Islamic publishers may have different styles. In academic texts within Islamic studies proper, Islamic Foundation and Kube, for example, place ṣalawāt in the foreword or introduction with a note to Muslim readers to “to assume its use elsewhere in the text.”
Ṣalawāt is more accepted in devotional texts, but publishers might restrict its use to after Muhammad, the Prophet, Messenger (of Allah/God), disallowing it in genitive constructions and after pronouns.
If you will use ṣalawāt in your book, will you write it in transcribed Arabic, translate it to English, abbreviate it (usually as pbuh for “peace be upon him” or ṣaw for the Arabic “ṣallallahu ʿalayhi wa-sallam”), or use an Arabic script glyph?
A word to the wise: If you use ṣalawāt spelled out, you are going to run up your word count. Write a code that will count as one word instead, for example [pbuh]. The copyeditor can still check whether the code is properly placed, and you can use Find and Replace at the end to change it to the form you want.
Technical Terms
Remember your audience. If you’re writing an introductory-level book, keep foreign technical terms to a minimum.

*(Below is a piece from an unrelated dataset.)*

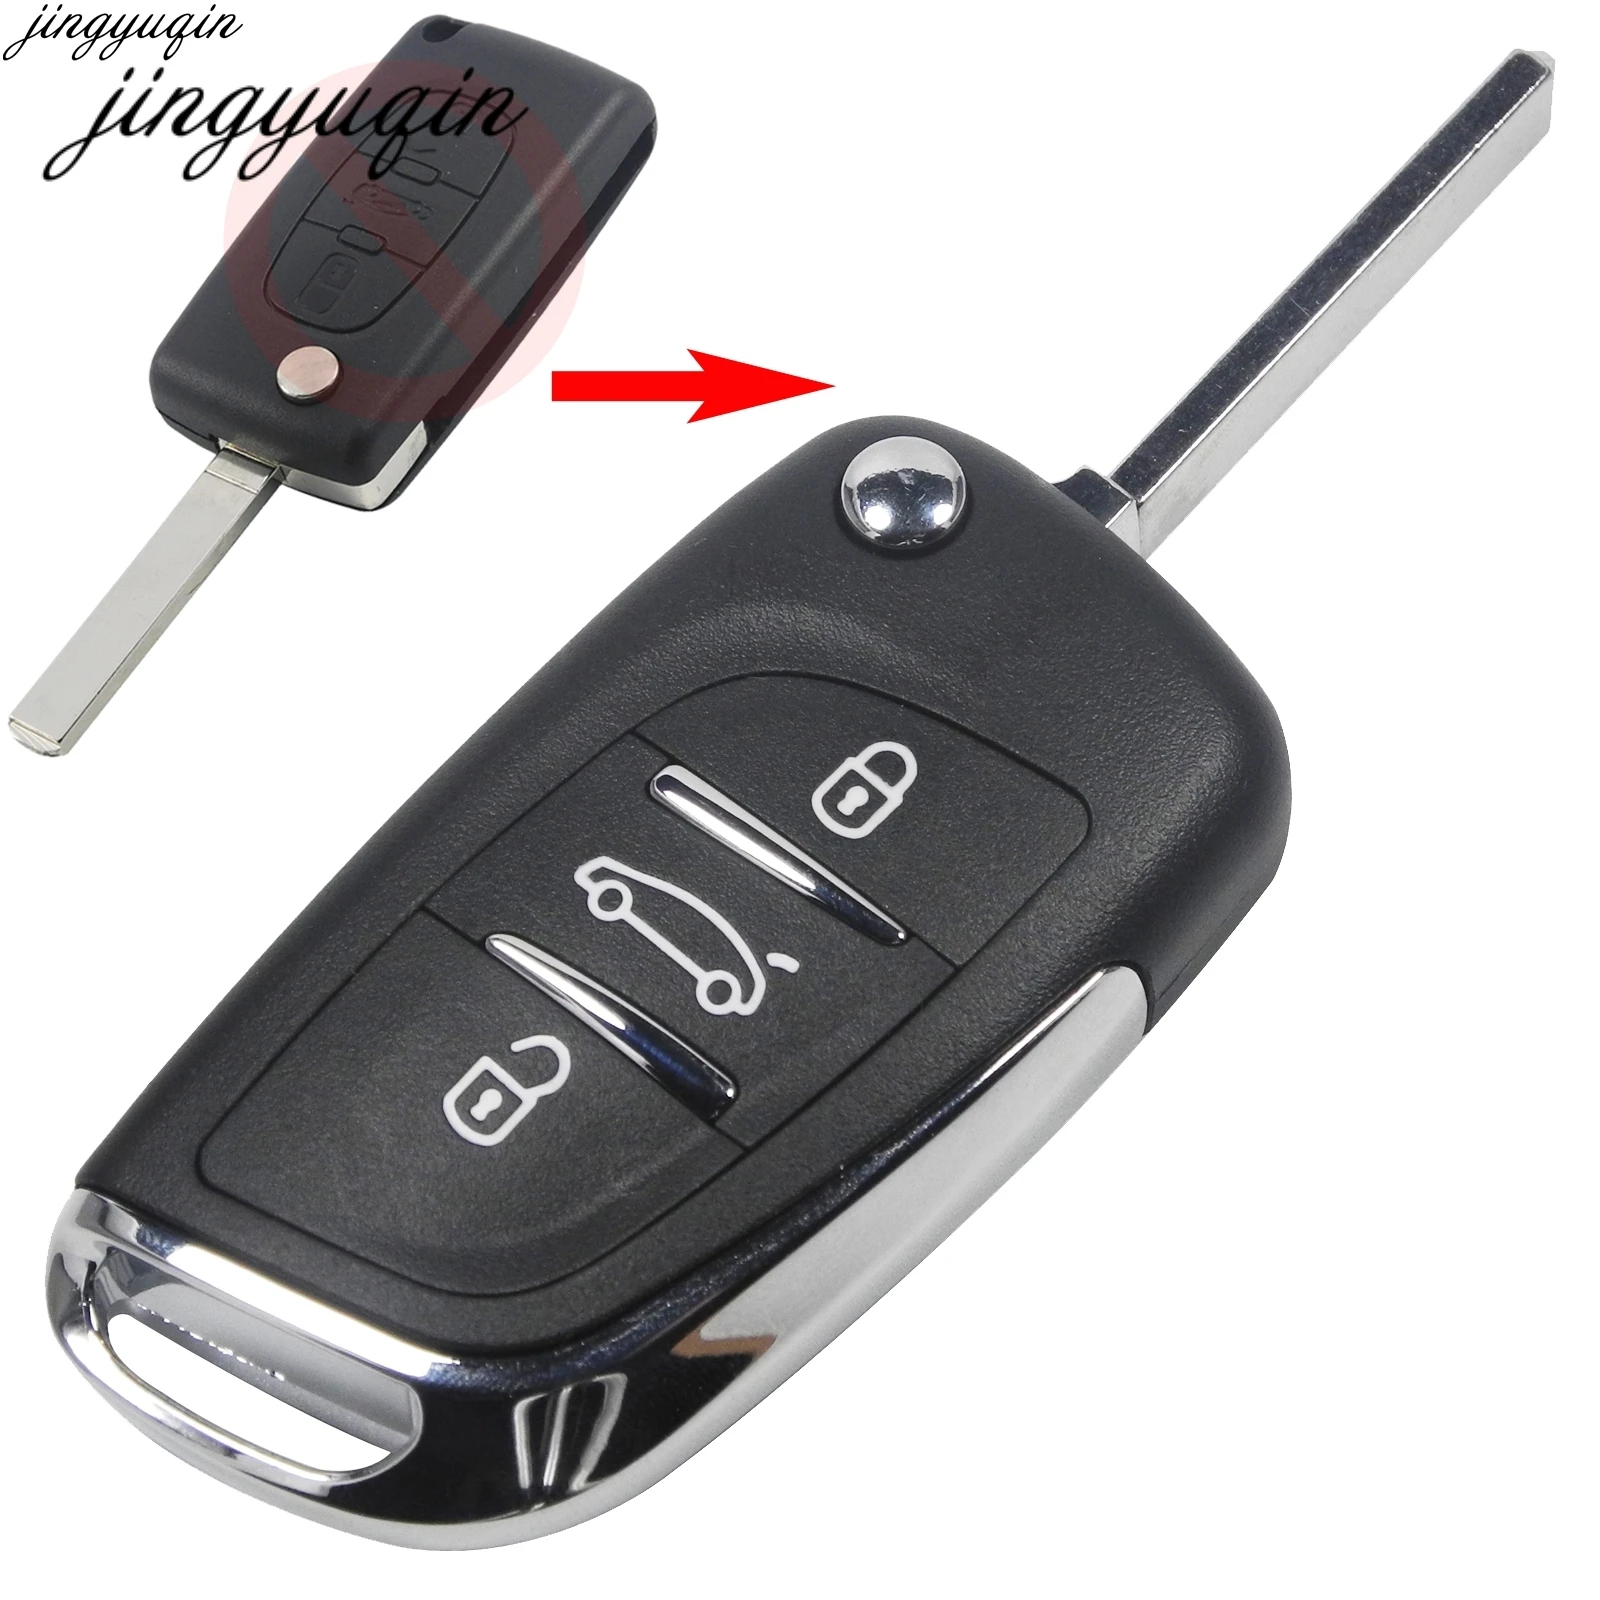 Jingyuqin Modified Flip Key Shell Remote Key 3 Button For Citroen C2 C3 C4 Hatch Coupe VTR Berlingo C6 C8 Key CE0536 VA2 Blade

When you do introduce a technical term in the text, will you write the Arabic transcription or the English translation first? Will you put the translation in double quotation marks, single quotation marks (a common practice in linguistics), parentheses, or parentheses and quotation marks? Will you also show the Arabic script? After the initial use, will you use the Arabic term or the English translation? If the former, will you italicize the word only on the first use or on all uses? Will you put a glossary in the back of your book?
Create a list of words that have been accepted into English and that will not be treated as foreign words (that is, not written with diacritics or italics).
Conclusion
Obviously, questions about ṣalawāt are specific to Islamic books, but if you are writing about other religions or other cultures, you can adapt many of the questions about styling technical and foreign terms and expressions to your subject. Keep your audience in mind when making your decisions. Make things easy for your readers.
Ælfwine Mischler is an American copyeditor and indexer in Cairo, Egypt, who has been the head copyeditor at a large Islamic website and a senior editor for an EFL textbook publisher. She often edits and indexes books on Islamic studies, Middle East studies, and Egyptology.